Appellant’s proper source of relief lies with the legislature.

The decision of the Chancellor is

Affirmed.

*412COOPER and HARBISON, JJ., and RUSSELL, Special Justice, concur. FONES, J., dissents.

. For example, a package from Chattanooga for delivery in Nashville would be picked up on a flight originating in Newark, New Jersey, going through Harrisburg, Pennsylvania; Chattanooga; and Memphis. It would depart Memphis on a flight passing through Nashville (where the package would be delivered) and continuing on to Louisville, Kentucky, and Dayton, Ohio.

. For the ten months during the audit period for which figures are available, revenues derived from shipments of packages between Tennessee cities ($5,982.02) constituted only .06% of Federal Express’ total revenues ($10,553,506). The number of packages carried between Tennessee cities (739) was only .07% of the total number of packages flowing through the entire system (1,049,832).

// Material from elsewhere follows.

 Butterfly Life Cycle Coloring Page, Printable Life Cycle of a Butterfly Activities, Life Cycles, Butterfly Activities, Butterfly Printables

. Rauhoff v. Henry Gramling & Co., 42 F.Supp. 754 (E.D.Ark.1941); McDaniel v. Clavin, 128 P.2d 821 (Cal.App.1942); Wiley v. Stewart Sand & Material Co., 240 Mo.App. 392, 206 S.W.2d 362 (1947).






Dissenting Opinion

FONES, Justice,

dissenting.

I respectfully dissent.

The majority gives no consideration to what I see as the real substance of the exemption provided in the relevant paragraph of T.C.A. § 67-3012. Its purpose is to exempt parts and accessories used exclusively in servicing aircraft, “which aircraft are used exclusively in interstate or international commerce.” (Emphasis added.)

In short, in determining the legislative intent in the use of the phrase “intrastate carrier services,” I think the controlling facts are the use of the aircraft and not the origin and destination of .07% of the packages involved in the Federal Express operation. It is conceded that Federal Express did not operate a single flight, during the period in question, that originated and terminated in the State of Tennessee. The majority of the passenger airlines that serve Tennessee cities are unquestionably, in my opinion, engaged exclusively in interstate commerce, in spite of the fact that most, if not all of said airline flights carry passengers who enplane in one Tennessee city and deplane in another Tennessee city, in the course of interstate flights originating in one state and terminating in another.

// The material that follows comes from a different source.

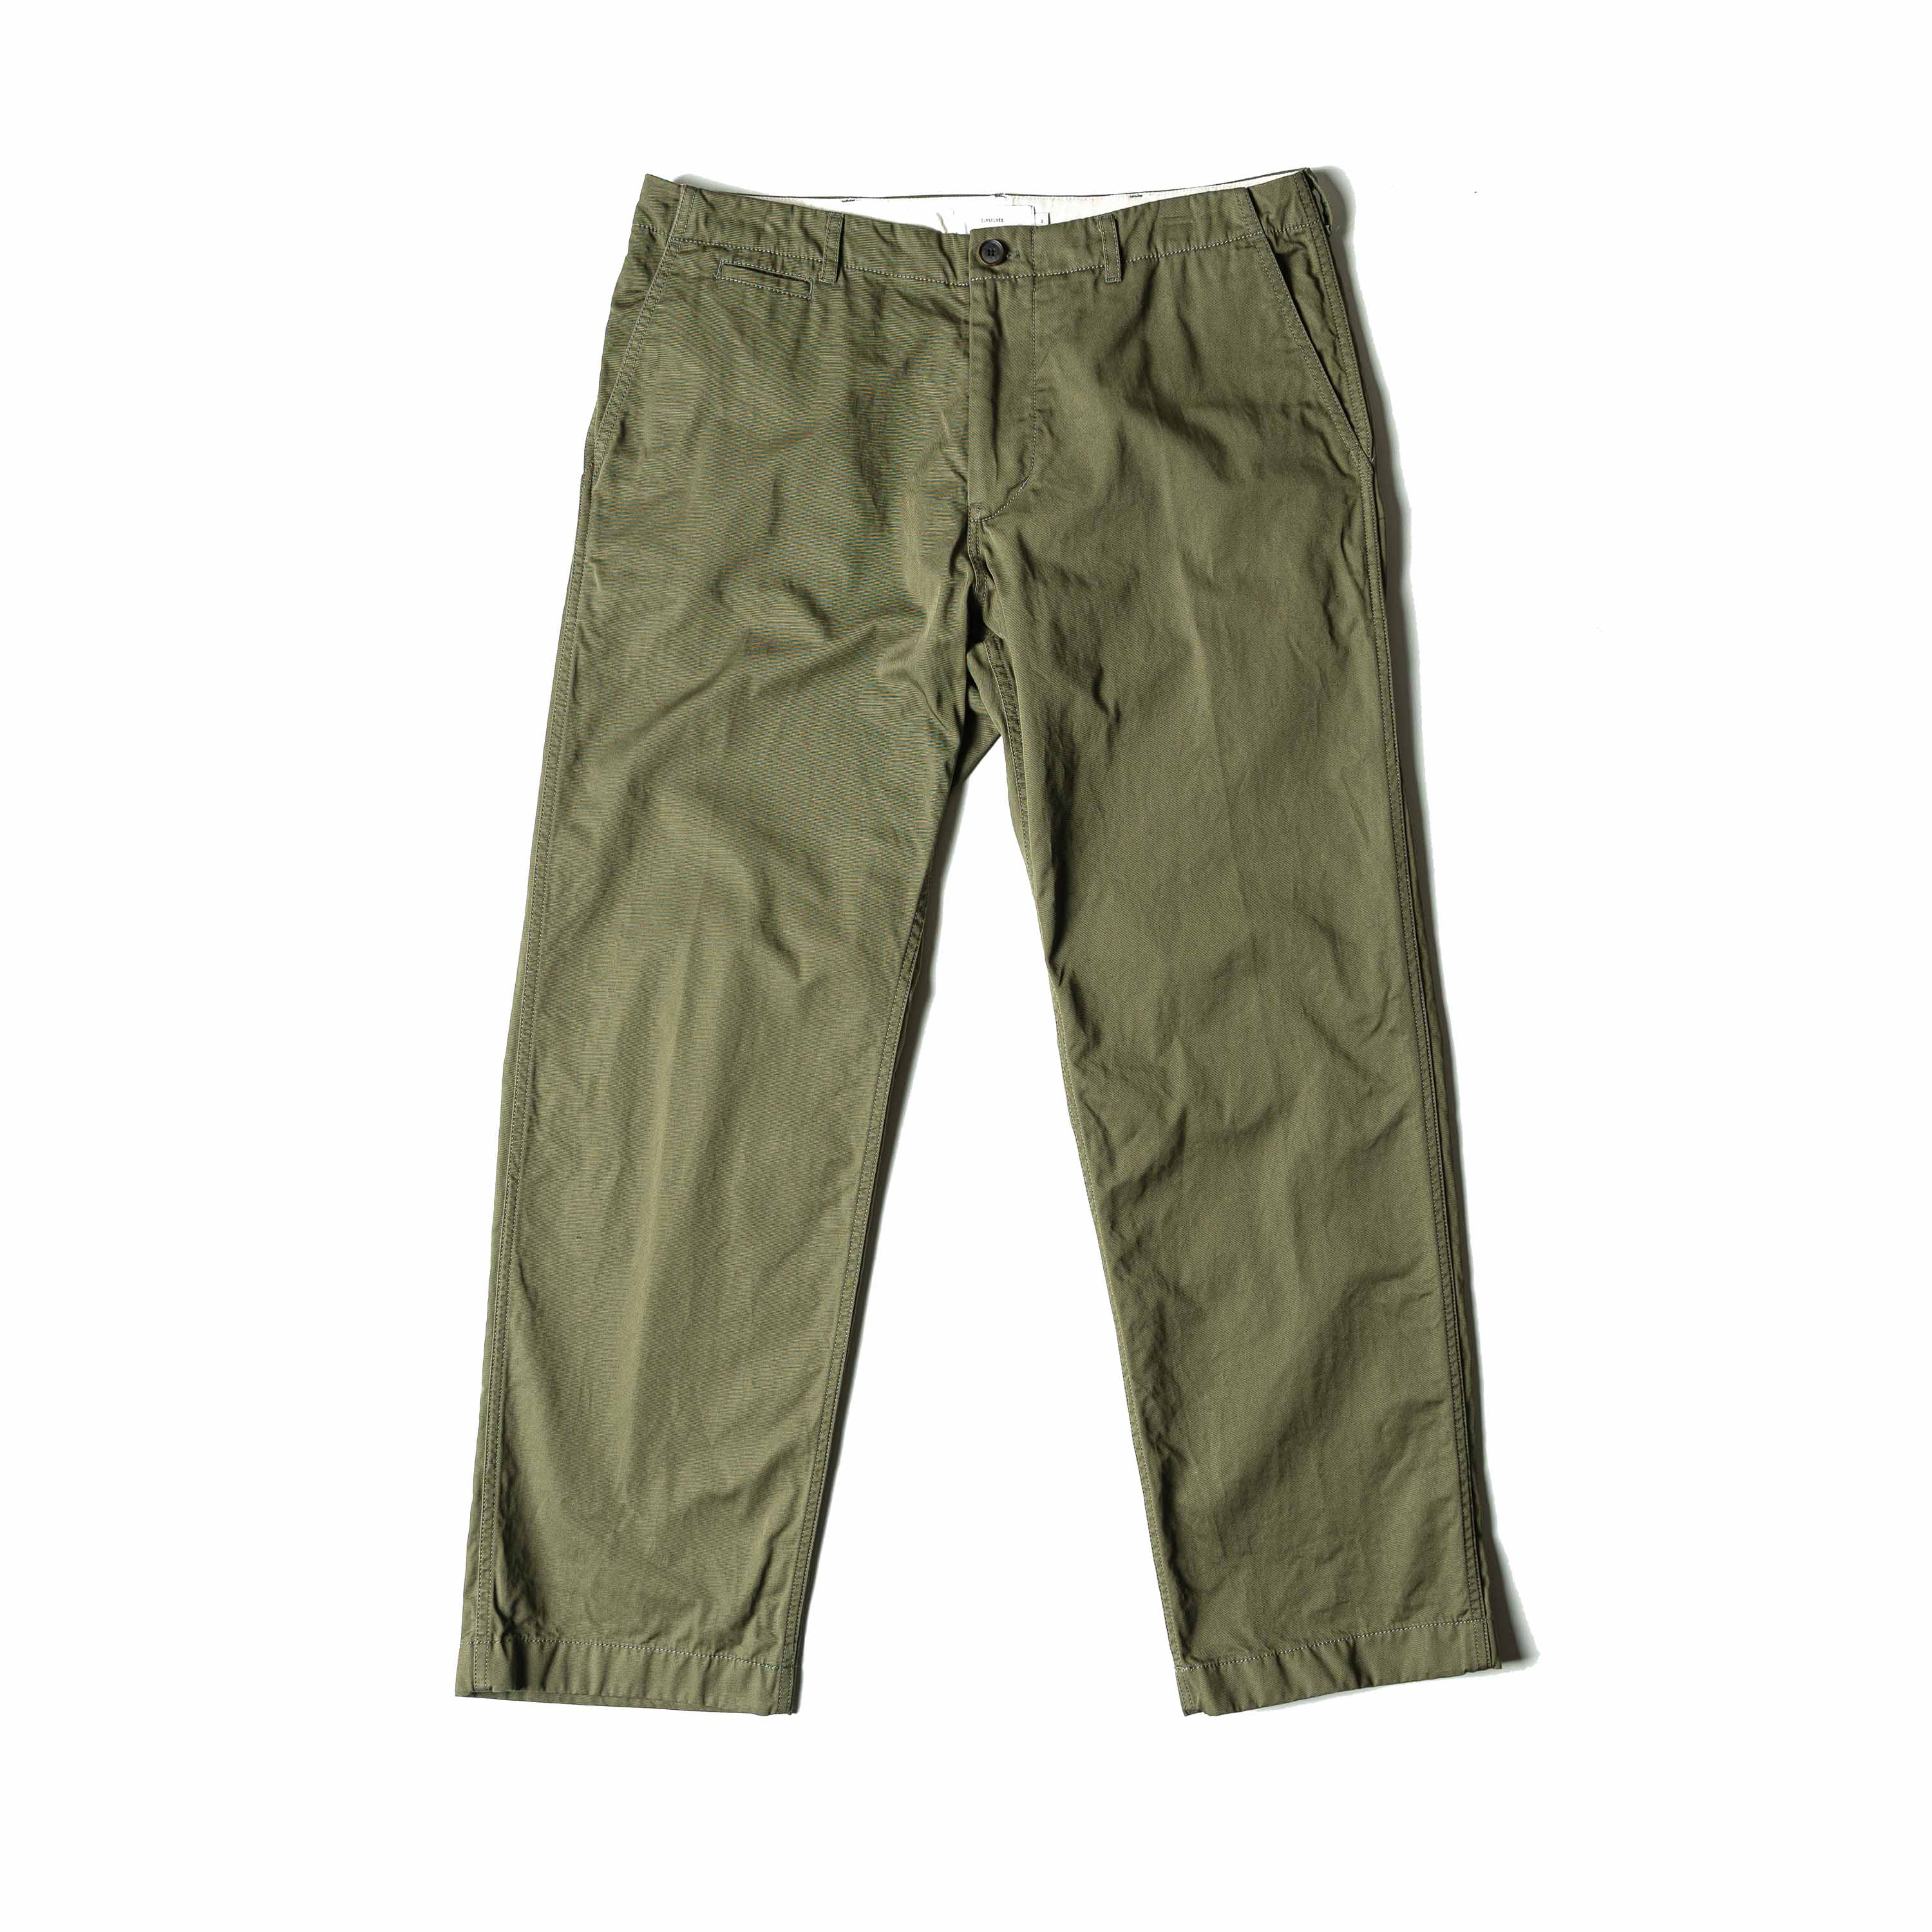 VINTAGE COTTON RELAXED CHINO PANTS - OLIVE

It is my opinion .that the Legislature intended to exempt the aircraft of all airlines operating in the usual and customary interstate manner stated above. On the issue before us, I see no distinction between passengers and packages. It is cleár to me that there is no valid factual distinction to be drawn between the operation of Federal Express and a passenger airline operation described above, insofar as whether or not either provides “intrastate carrier services.”

I am convinced that Federal Express performs no intrastate carrier service and that its aircraft are used exclusively in interstate commerce.

I would reverse the Chancellor and award a recovery in favor of Federal Express in the sum of $117,125.55, plus interest.